琵琶湖に次いで大きな八郎潟を干拓して誕生した大潟村と、隣接する市町村では近年、
八郎湖の水質汚染を大きな問題としています。
 八郎湖に関わる自治体や行政のみならず、多くの地域や市民団体が八郎湖の自然再生に関わり、様々な取り組みを行っています。今日はその「八郎湖の自然再生活動を『環(わ)』でつなぐ市民団体見学ツアー」が開催されました。今年で2回目の八郎湖環境ツアー。このツアーを通し、八郎湖の自然環境に関わる様々な市民グループの活動を知る事が出来ました。

 主催・企画は「環八郎湖市民ネットワーク・NPO法人はちろうプロジェクト」、共催は「秋田地域振興局」。募集定員は100人ですが、稲刈り前の準備作業に追われるこの時期、実際には秋田市や南秋地域の40人に満たない参加者でした。

先ず訪れたのは、潟上市昭和豊川にある里山の棚田、通称「草木谷」。100年前(明治22年)に、聖農・石川理紀之助が農業指導において10年間貧農生活を実践した場所です。
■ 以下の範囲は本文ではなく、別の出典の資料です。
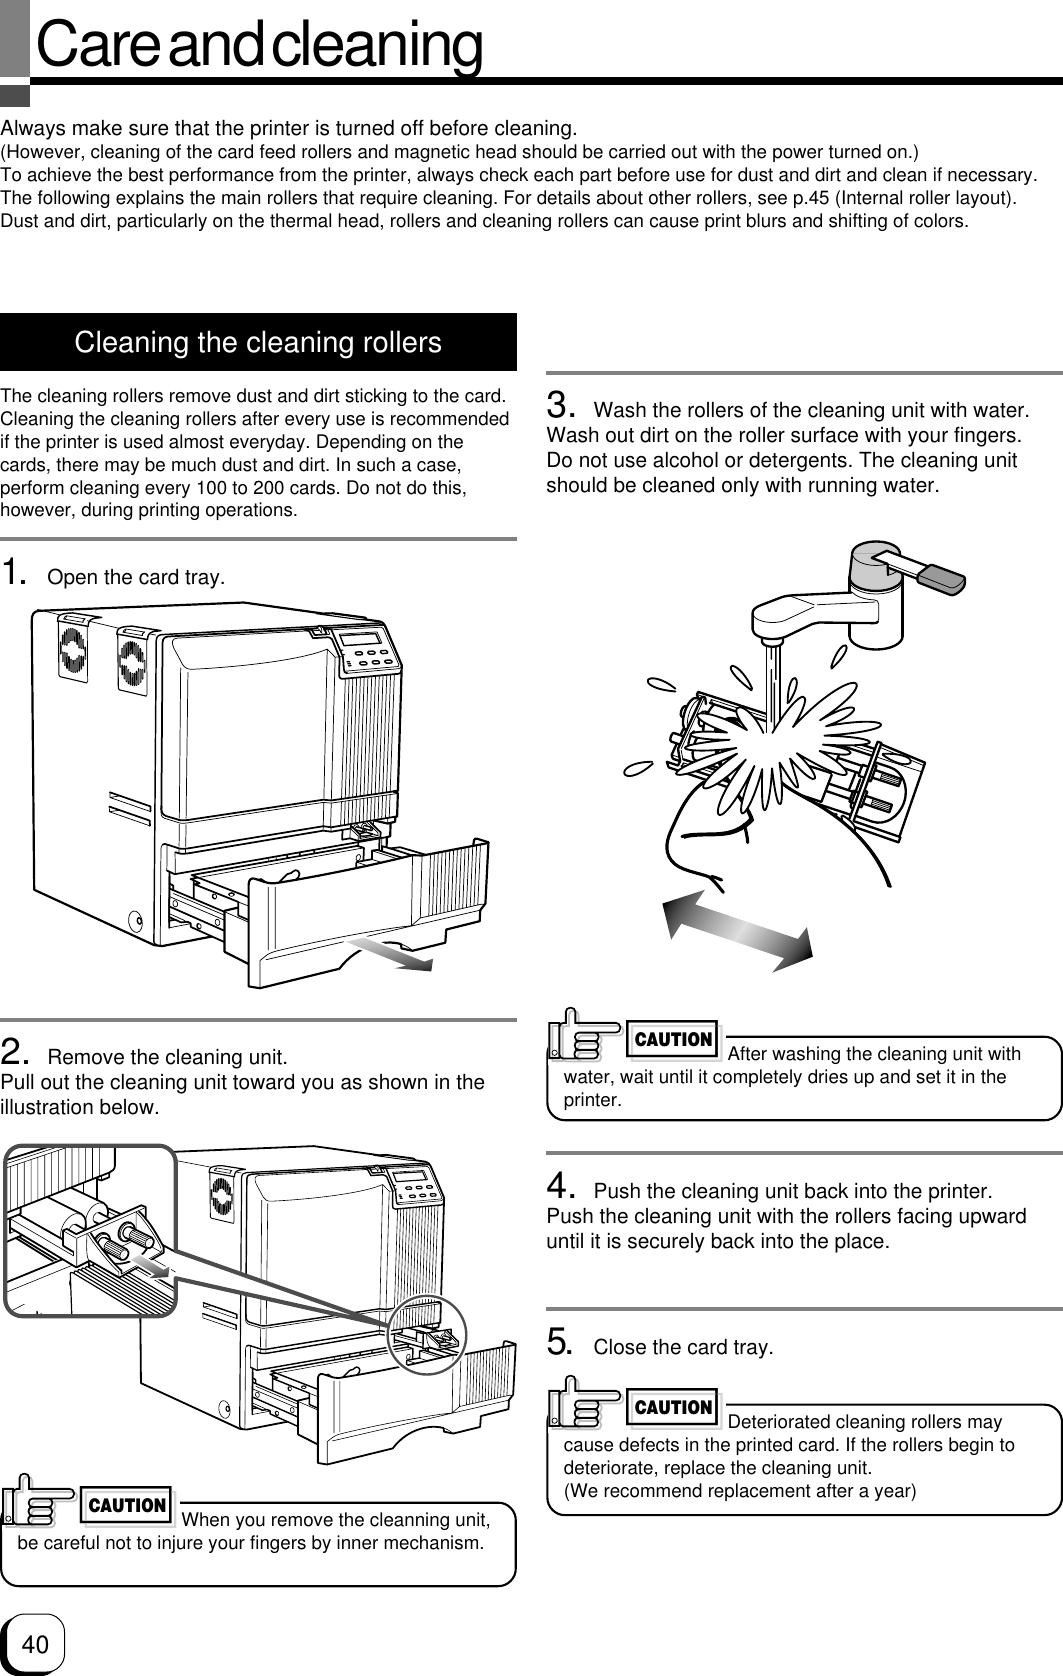 40Care and cleaningAlways make sure that the printer is turned off before cleaning.(However, cleaning of the card feed rollers and magnetic head should be carried out with the power turned on.)To achieve the best performance from the printer, always check each part before use for dust and dirt and clean if necessary.The following explains the main rollers that require cleaning. For details about other rollers, see p.45 (Internal roller layout).Dust and dirt, particularly on the thermal head, rollers and cleaning rollers can cause print blurs and shifting of colors.Cleaning the cleaning rollersThe cleaning rollers remove dust and dirt sticking to the card.Cleaning the cleaning rollers after every use is recommendedif the printer is used almost everyday. Depending on thecards, there may be much dust and dirt. In such a case,perform cleaning every 100 to 200 cards. Do not do this,however, during printing operations.1. Open the card tray.2. Remove the cleaning unit.Pull out the cleaning unit toward you as shown in theillustration below.3. Wash the rollers of the cleaning unit with water.Wash out dirt on the roller surface with your fingers.Do not use alcohol or detergents. The cleaning unitshould be cleaned only with running water.4. Push the cleaning unit back into the printer.Push the cleaning unit with the rollers facing upwarduntil it is securely back into the place.5. Close the card tray.After washing the cleaning unit withwater, wait until it completely dries up and set it in theprinter.CAUTIONDeteriorated cleaning rollers maycause defects in the printed card. If the rollers begin todeteriorate, replace the cleaning unit.(We recommend replacement after a year)CAUTIONWhen you remove the cleanning unit,be careful not to injure your fingers by inner mechanism.CAUTION

荒廃し減反地となったこの場所を、地域の大人や子どもがよみがえらせる「谷津田再生プロジェクト(八郎湖水源地として環境に優しい農業に取り組む)」が、数年がかりで田んぼ事業を継続してきたところです。(秋田花まるっ グリーン・ツーリズム推進協議会HPから)。

 この里山を守る活動をしている「草木谷を守る会」(石川紀行代表)が、「草木谷」の田んぼと「石川翁」について、大きな杉の木を背景に丁寧に説明をしてくれました。ちなみに石川紀行さんは理紀之助の子孫に当ります。「草木谷」は、子供たちが農業に触れて学ぶ学校田と、酒米(秋田サケコマチ)を作っている田など合わせて1町歩あります。石川理紀之助は明治22年から3年間、ここに寝泊まりし実際に生活をしました。「寝ていて人を起こすことなかれ」と説いた翁の草木谷の原点。
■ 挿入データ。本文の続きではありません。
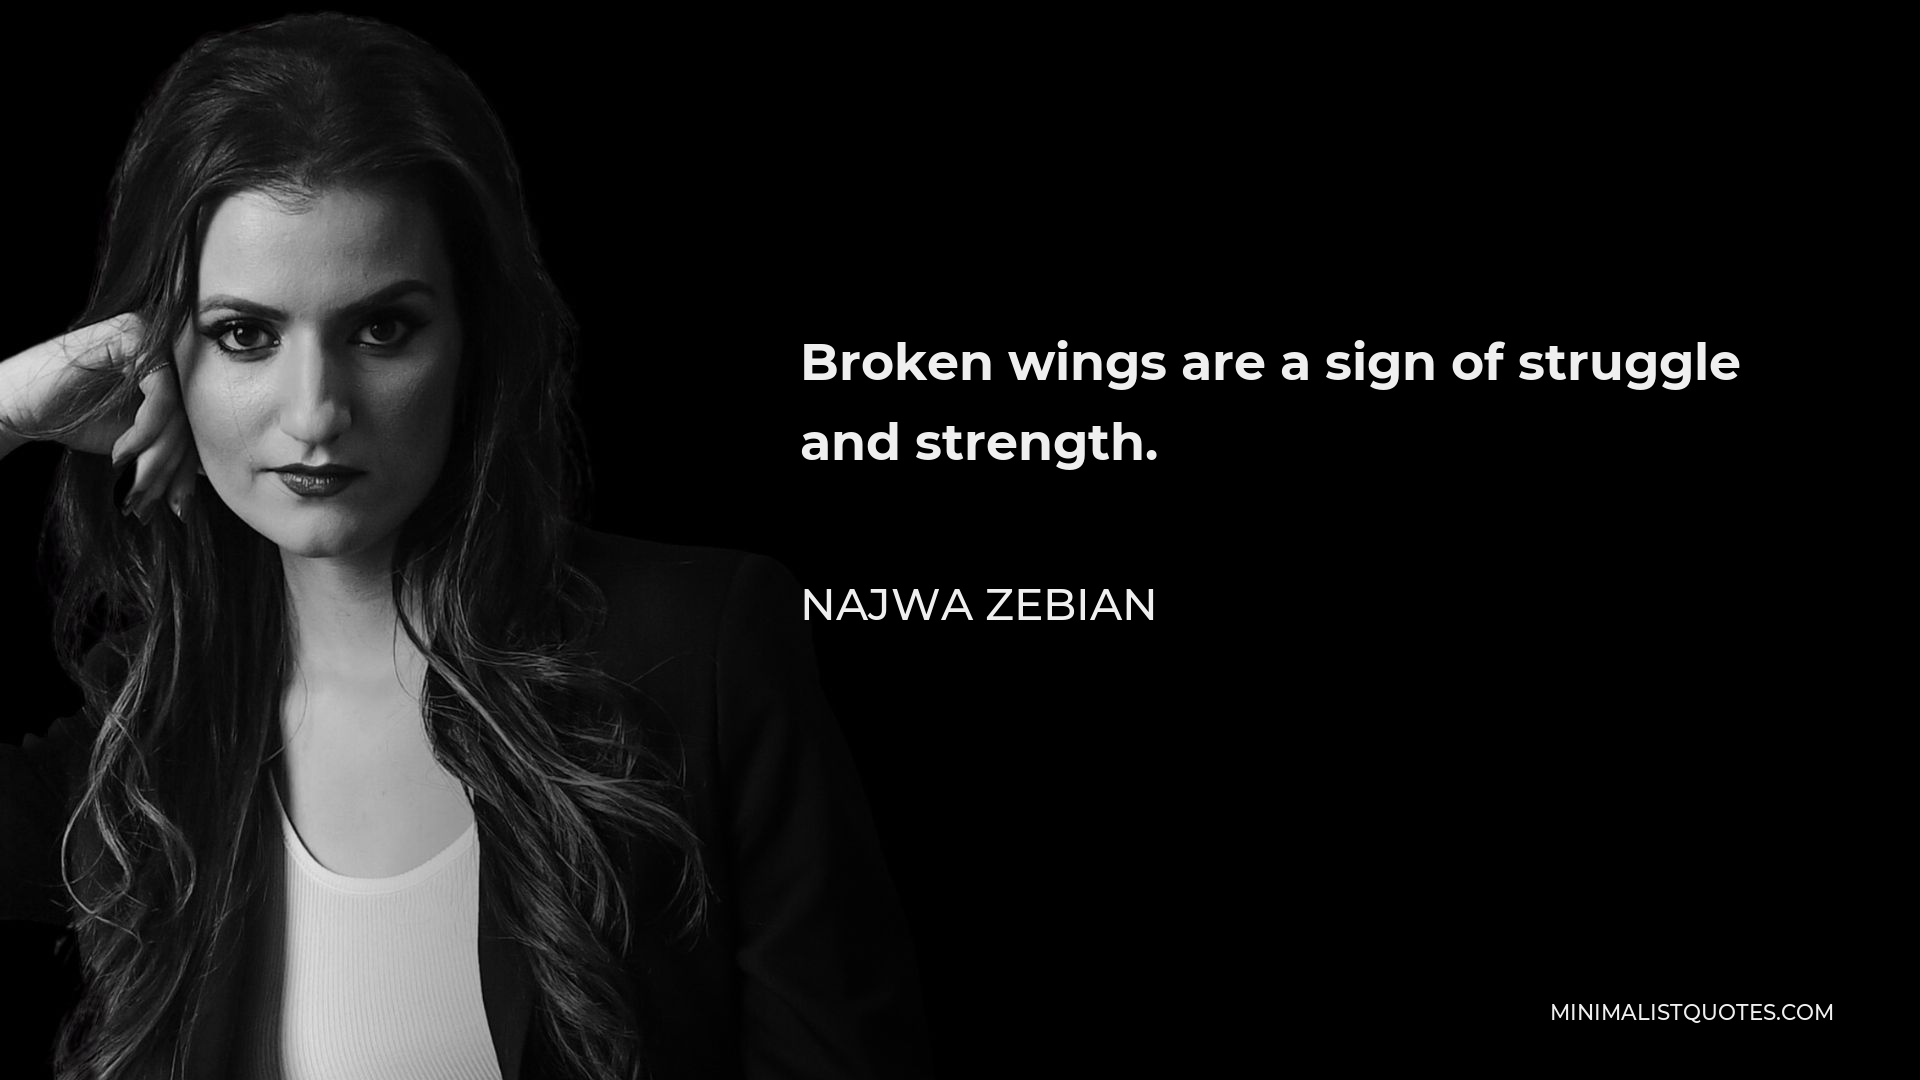 Najwa Zebian Quote - Broken wings are a sign of struggle and strength.

 また理紀之助は、一毛作の秋田で農家の副業を奨励しました。理紀之助の「寝ていて人を起こすことなかれ」と説いた大きな石碑は、凍った堤の氷の上を滑らせて運んだとの事です。傍らの庵は、焼失した庵を5時間で復元したところから「5時庵」と名付けられた、などの興味深い話をうかがうことが出来ました。

 次に石川理紀之助の多数の遺著、遺稿、収集物が展示・陳列された「潟上市郷土文化保存伝習館」へ移動。理紀之助の青少年時代から晩年にいたる様々な展示資料を見、説明に耳を傾けました。更に、併設された晩年の「尚庵」、書籍、遺稿を収めた「三井文庫」、凶作、飢饉に備えて玄米などの穀類を保存した「備荒倉」などの「石川理紀之助翁の遺跡」を見学。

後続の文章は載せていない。